A silky, heartwarming soup with delicate wontons and ribbons of egg, offering the perfect balance of comfort and celebration.
Ingredients
- 30g dried assorted sliced mushrooms
- 1 litre chicken stock
- 2 cups water
- 2cm piece ginger, thinly sliced
- 2 Tbsp light soy sauce, extra to serve
- 3 tsp sesame oil, extra for serving
- 1 bunch baby pak choy or bok choy, trimmed, halved lengthways
- 24 frozen prawn & chive wontons
- 2 green onions, diagonally sliced, extra shredded to serve
- 3 small eggs, beaten
- Crispy chilli oil optional, to serve
Method
- Soak mushrooms in cold water for 10 minutes until rehydrated. Drain well.
- Place the stock, water, sesame oil, soy, and ginger in a large pot. Bring to a gentle boil. Add the pak choy or bok choy. Submerge under hot stock and cook for 2 minutes. Remove using tongs and set aside in a bowl covered to keep warm.

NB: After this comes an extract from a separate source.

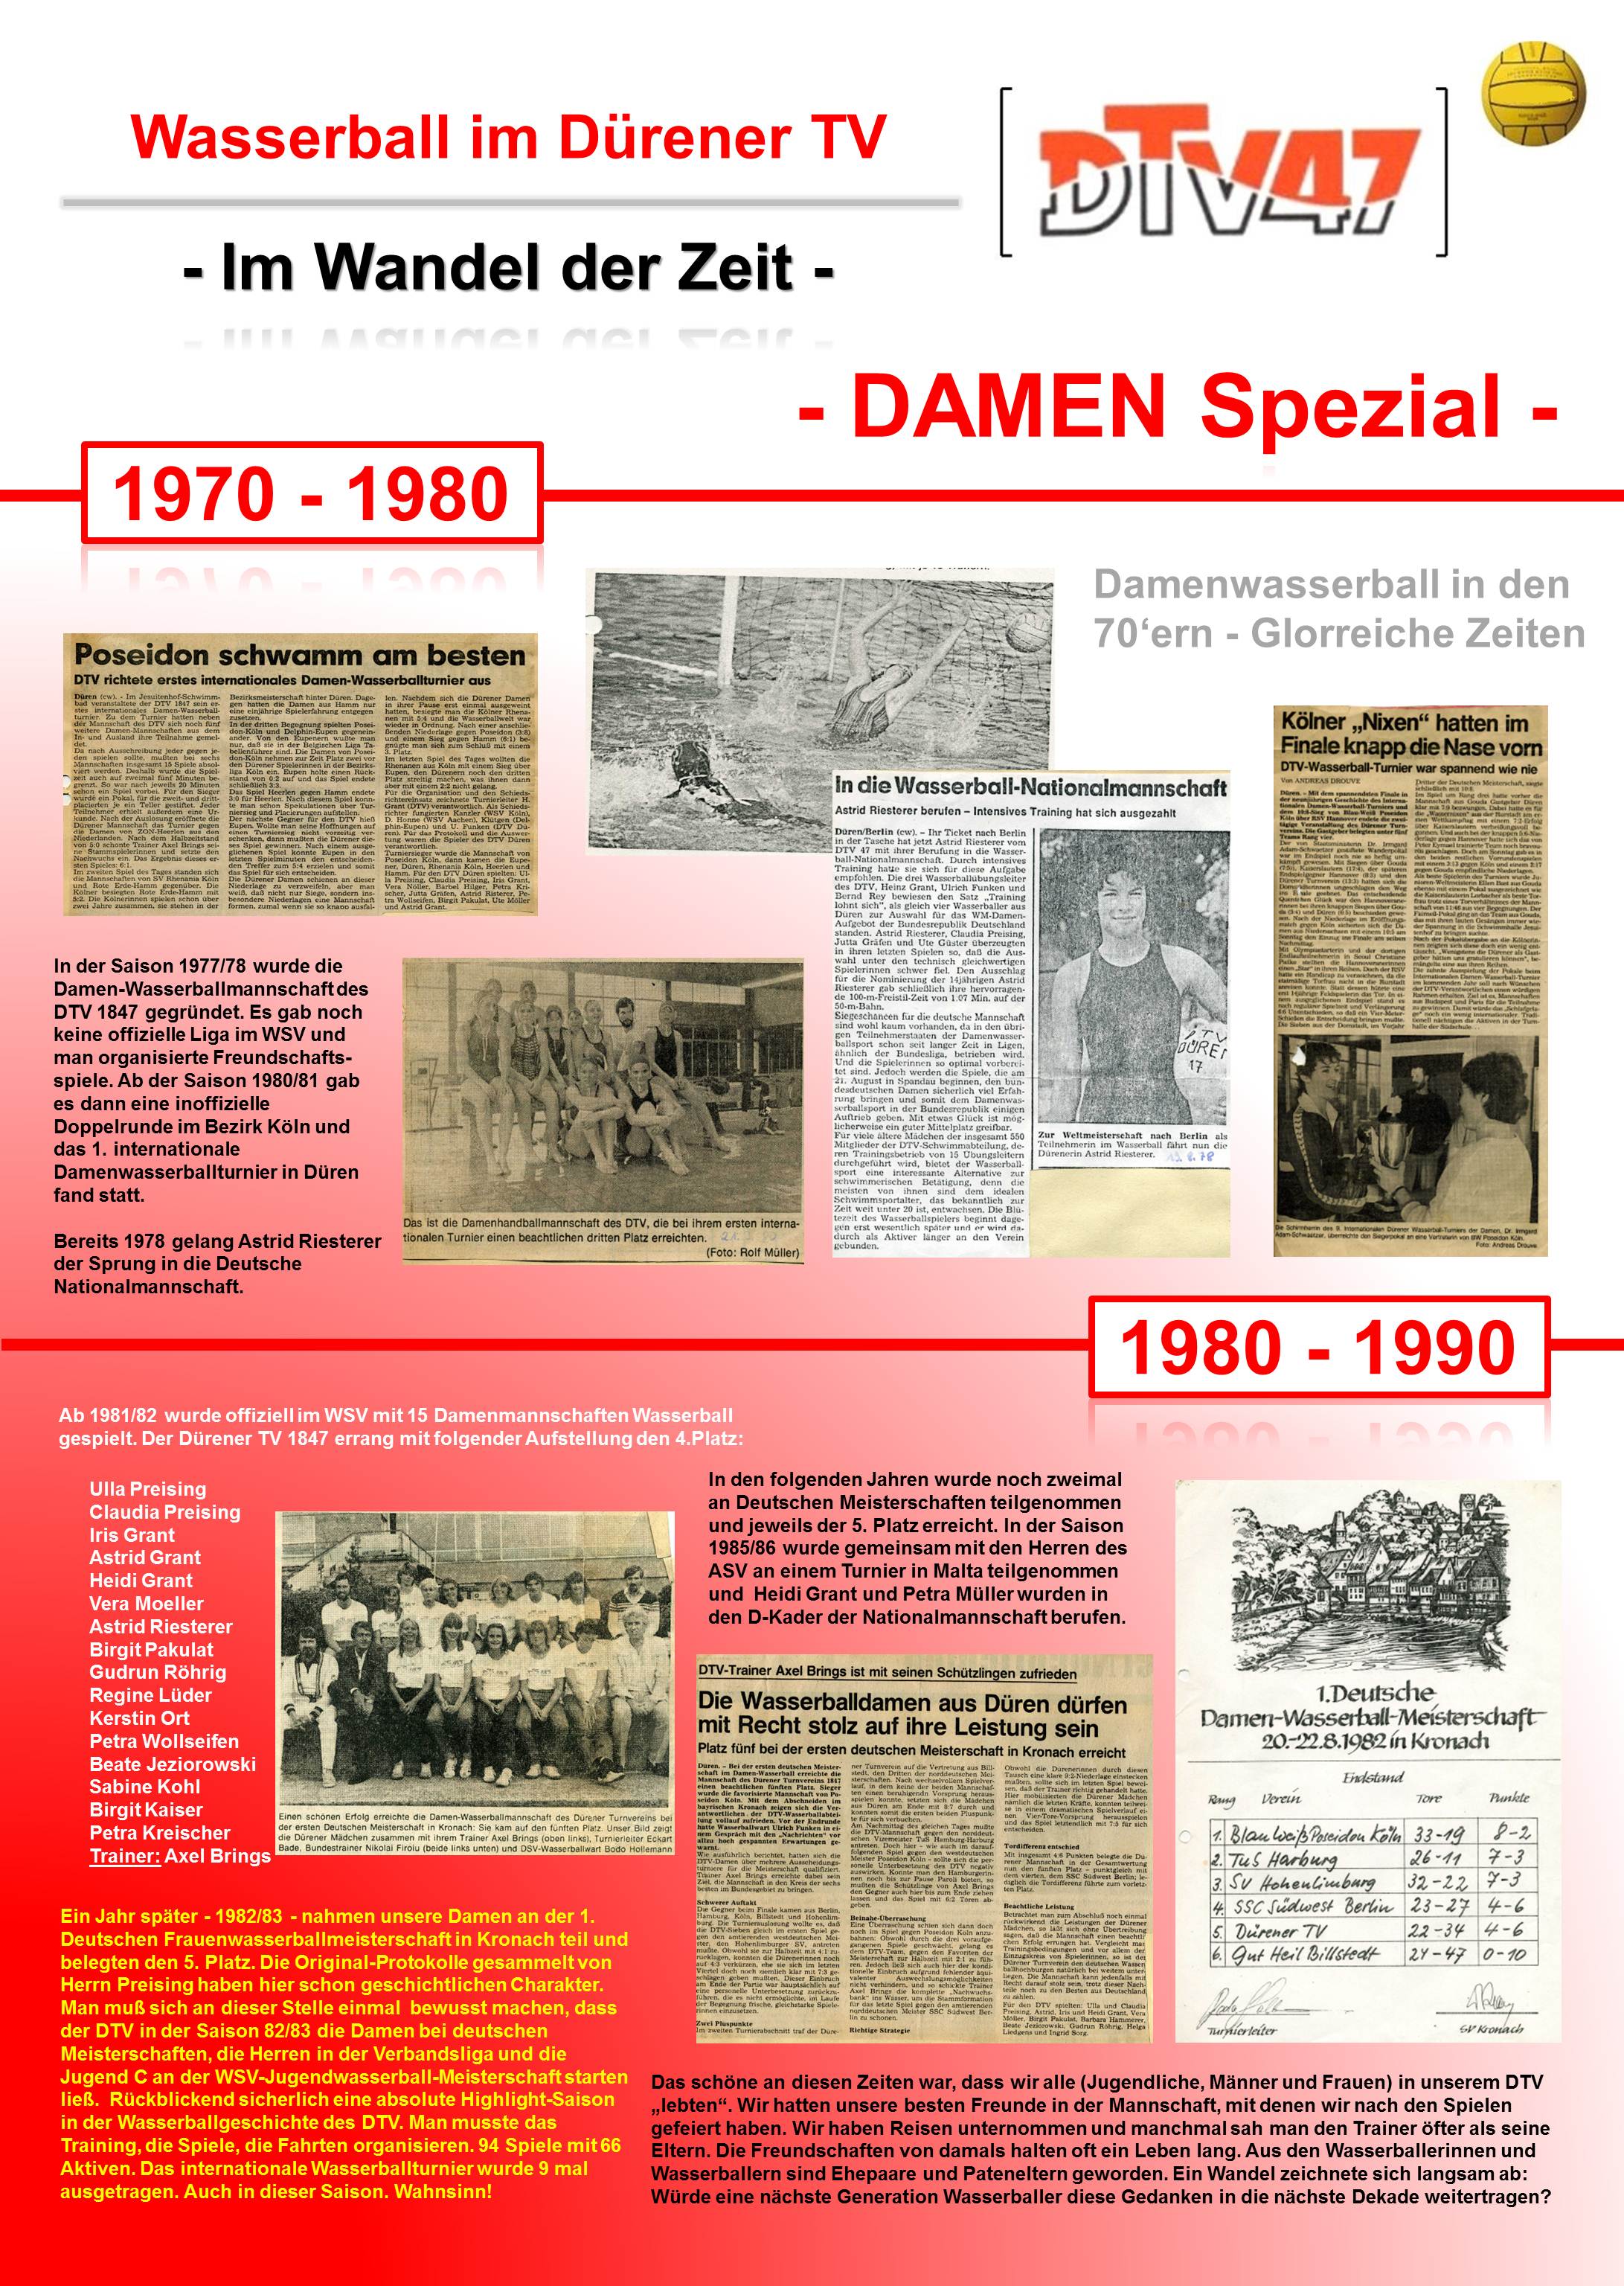 files/dtv47/abteilungen/wasserball/Geschichte/DTV History - Damen Spezial.jpg

- Add rehydrated mushrooms, frozen wontons and spring onions to soup. Bring to a gentle simmer and cook for 5 minutes until the wontons are tender.
- On a low heat without simmering, drizzle eggs in a circular motion over the soup, they will cook and set instantly into thick ribbons. Quickly stir to break up the ribbons.
- Divide Asian greens between bowls. Ladle soup and dumplings over the top. Garnish with extra shredded green onions. Drizzle with chilli oil, if using. Serve with extra soy and sesame oil to taste.